Rope companies will soon make invisible ropes (Emperor's New Ropes) so that they won't show up in the photos of climbers doing bold new first ascents on the lead. The standards will soar even further....
east side underground

Trad climber
crowley ca
Apr 15, 2008 - 10:18pm PT
I think we should matrix bolt( one bolt per every 5 sq ft ?) all the major formations in yosemite. Then we could have routes everywhere and you could have fun either climbing the routes from the bottom up or from the top down. We could even have routes that are top down only! It could be the new craze! Any climber could down lead El Cap routes! Also it would eliminate the need for first ascents and the troubling problems of ethics or style.
GDavis

Trad climber
SoCal
Apr 16, 2008 - 01:48am PT
Bachar is full of it.

He's been using Emperors New Ropesİ for years.
Mungeclimber

Trad climber
sorry, just posting out loud.
Apr 16, 2008 - 02:37am PT
jghedge, I don't follow your assumptions.

If a route is done ground up and bolted from a ground up approach, even though the quality of the bolts is sh#t, that doesn't mean someone can't later go back and upgrade those bolts. Lots of folks do this style. And it has no impact on the style in which the FA/FFA was established.

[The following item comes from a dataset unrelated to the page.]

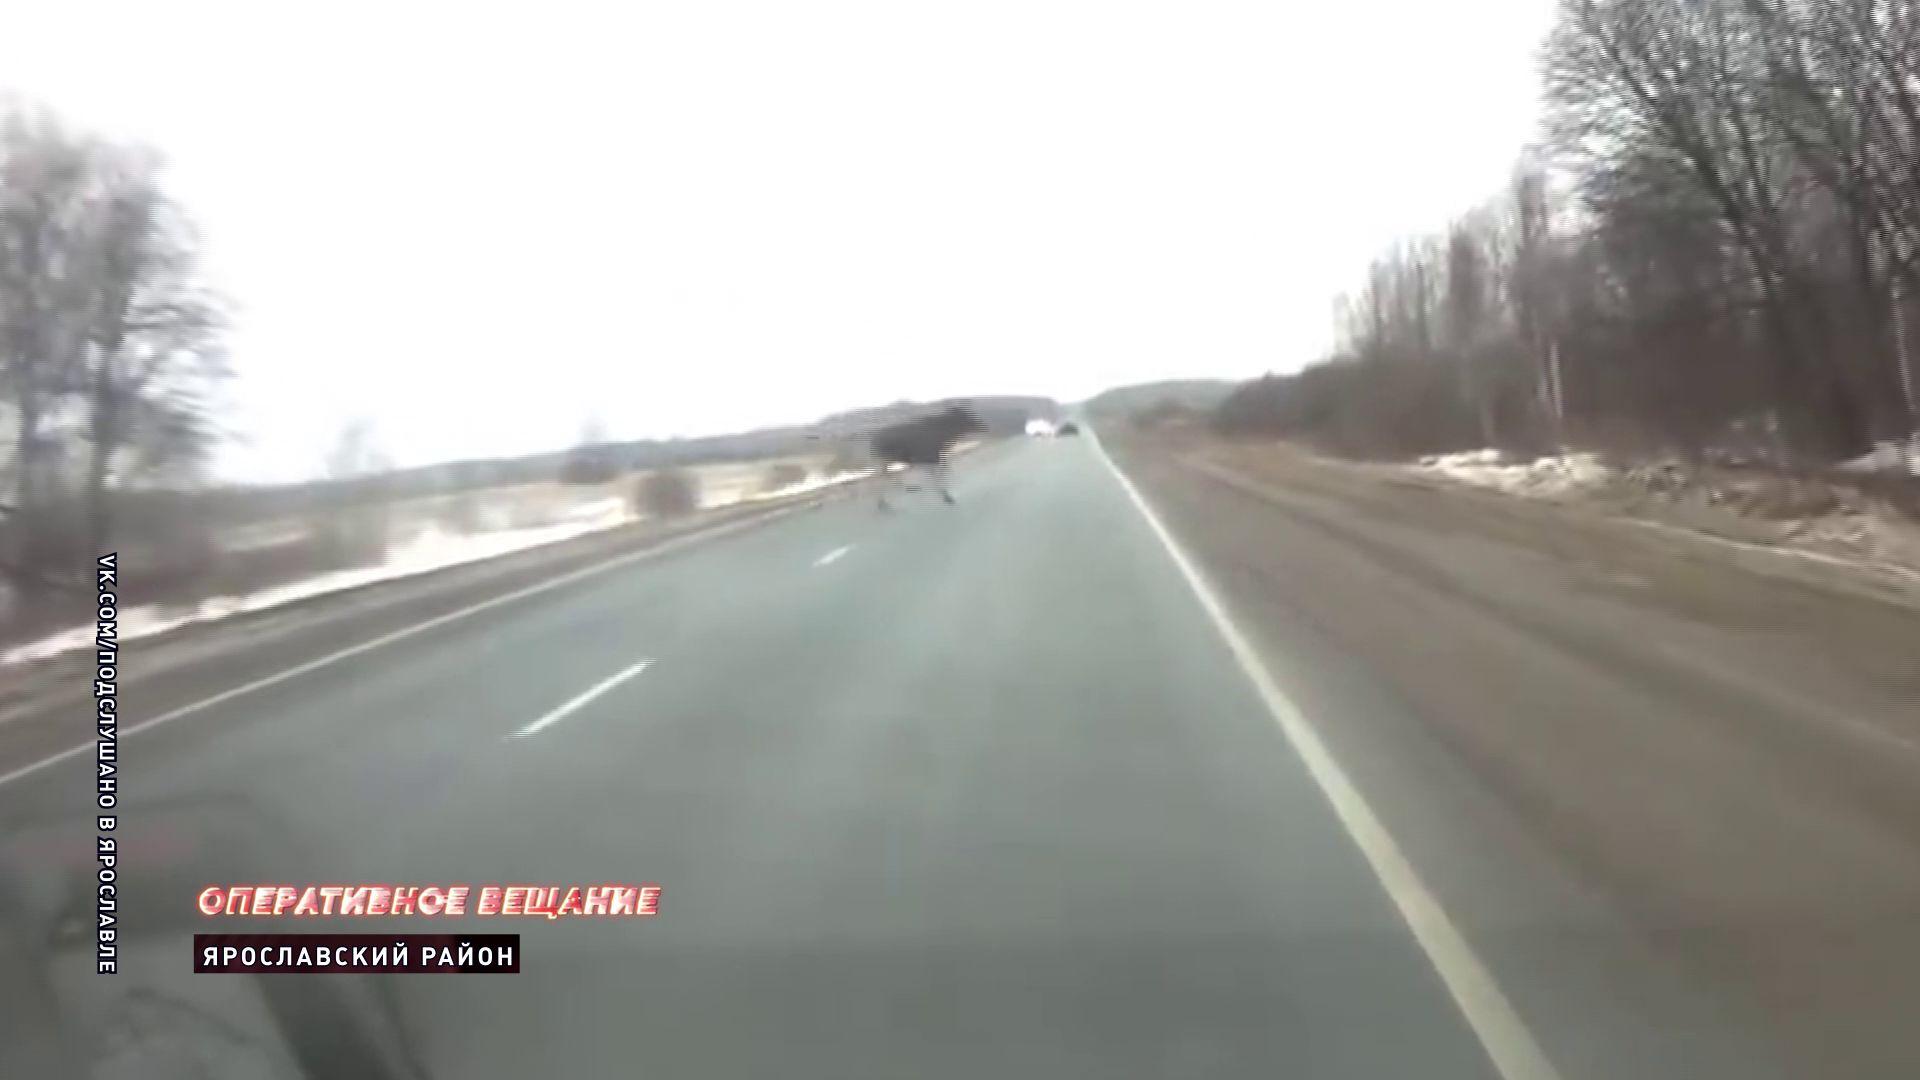 В Ярославской области лось едва не устроил ДТП

I could be mising something on timing of when said bolts went in. That would affect the definition of the style dramatically.
bhilden

Trad climber
Mountain View, CA
Apr 16, 2008 - 03:53am PT
jghedge, 'rap bolting' and 'replacing bad bolts after a ground up ascent' are not the same thing. When you rap bolt you have the opportunity to pre-inspect the rock and can plan the climb you want. Going ground up does not allow you to 'preview the route' and as such may result in a completely different route on the same piece of stone that might have been put up on rappel.

The argument about which style produces the best route is probably at the crux of a lot of the discussion going on in this thread. I am not going to rehash it here.

Bruce
Doug Robinson

Trad climber
Santa Cruz
Apr 16, 2008 - 10:03am PT
Yeah Coz, I'm throwing a nice fat chunk of limbwood on the fire and handing you a cold one.

The details you've dropped are fascinating. But they're just a tease.

BTW, ran across a tidbit of bolt lore to pass on. No, NOT about whether they go in trembling or dangling. Just about quality. I've always felt sketch sbout you guys pounding in ordinary machine bolts. Dirtbag economics, for sure, I get that part. But leading the big-fall runouts on SB off of those? Huevos, man!

So my climber friend who'se a mechanical engineer (like Walt was) comes over. We're drinking Scotch and talking about this thread. He says his professor once shear tested ordianry 1/4-inch wood screws pounded into holes in concrete. They held ~1800 pounds! About the same as a quarter-inch Rawl.

Of course you guys didn't take the big whipper up there. But now I feel better about your chances of surviving it.